Research objectives translate the general purpose of a study into clear, specific and often measurable aims. They highlight what outcomes the researcher expects to achieve, such as describing patterns or testing relationships. Well framed objectives help in choosing appropriate methods, tools and analyses. Hence, the specific statements indicating what the researcher intends to accomplish are called research objectives.
Option A:
Assumptions are conditions taken for granted as true without proof and form the logical basis of the study. They do not state what the researcher plans to accomplish but rather underpin the reasoning of the investigation. Therefore, assumptions cannot be equated with measurable aims.
Option B:
Delimitations refer to the boundaries that the researcher sets with respect to scope, variables or context. They indicate what the study will not cover rather than what it seeks to achieve. Thus, delimitations do not represent the specific measurable aims of the study.
Option C:
Research objectives break the broader purpose into operational parts that can be pursued with available resources and methods.
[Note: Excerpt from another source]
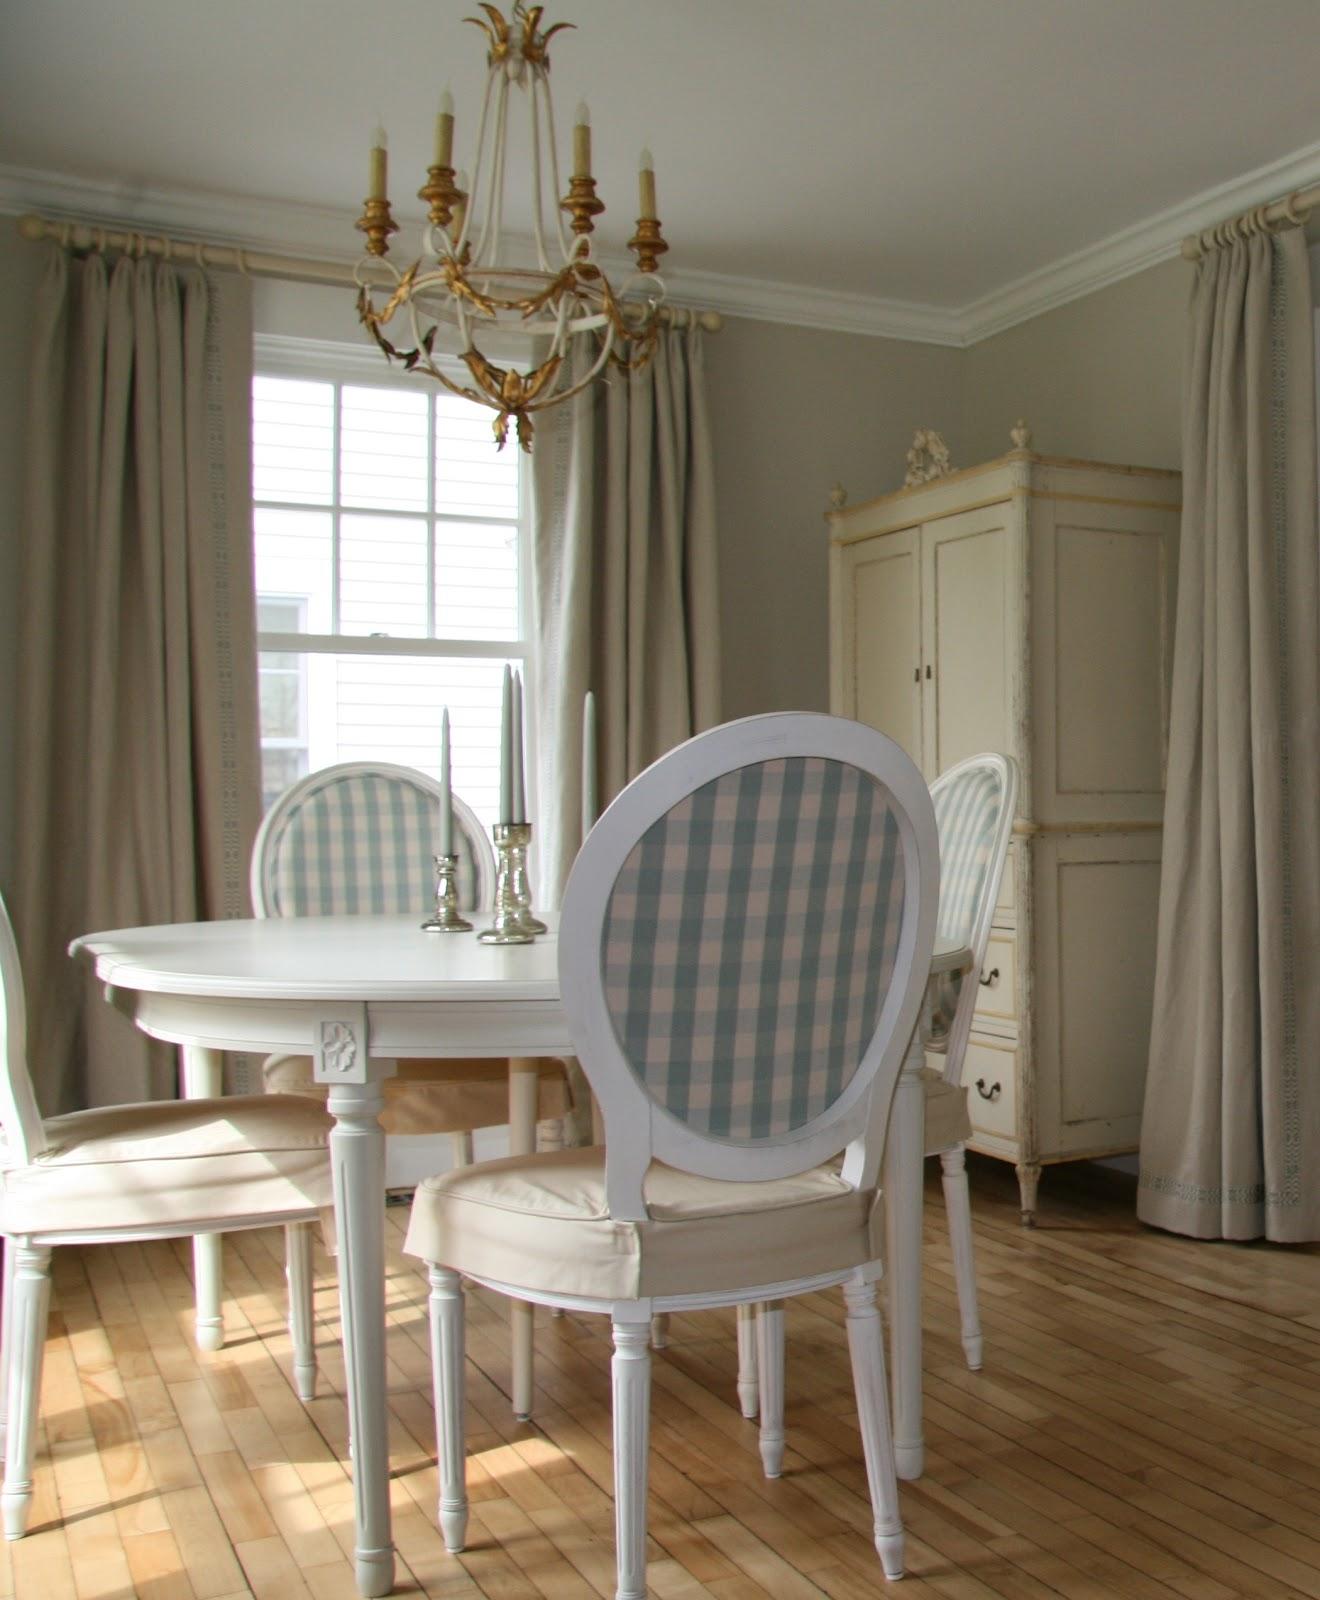 Cos 39 lo shabby chic storia significato definizione di questo stile - Blog di interior design ...

They direct sampling, instrument construction and data analysis because they clarify exactly what evidence is needed. For this reason, they correctly complete the stem.
Option D:
Research questions are interrogative statements that guide inquiry, but they are not always formulated in directly measurable terms. Objectives often convert these questions into action-oriented and assessment-ready statements. Therefore, research questions are related but not identical to the specific measurable statements asked for in the stem.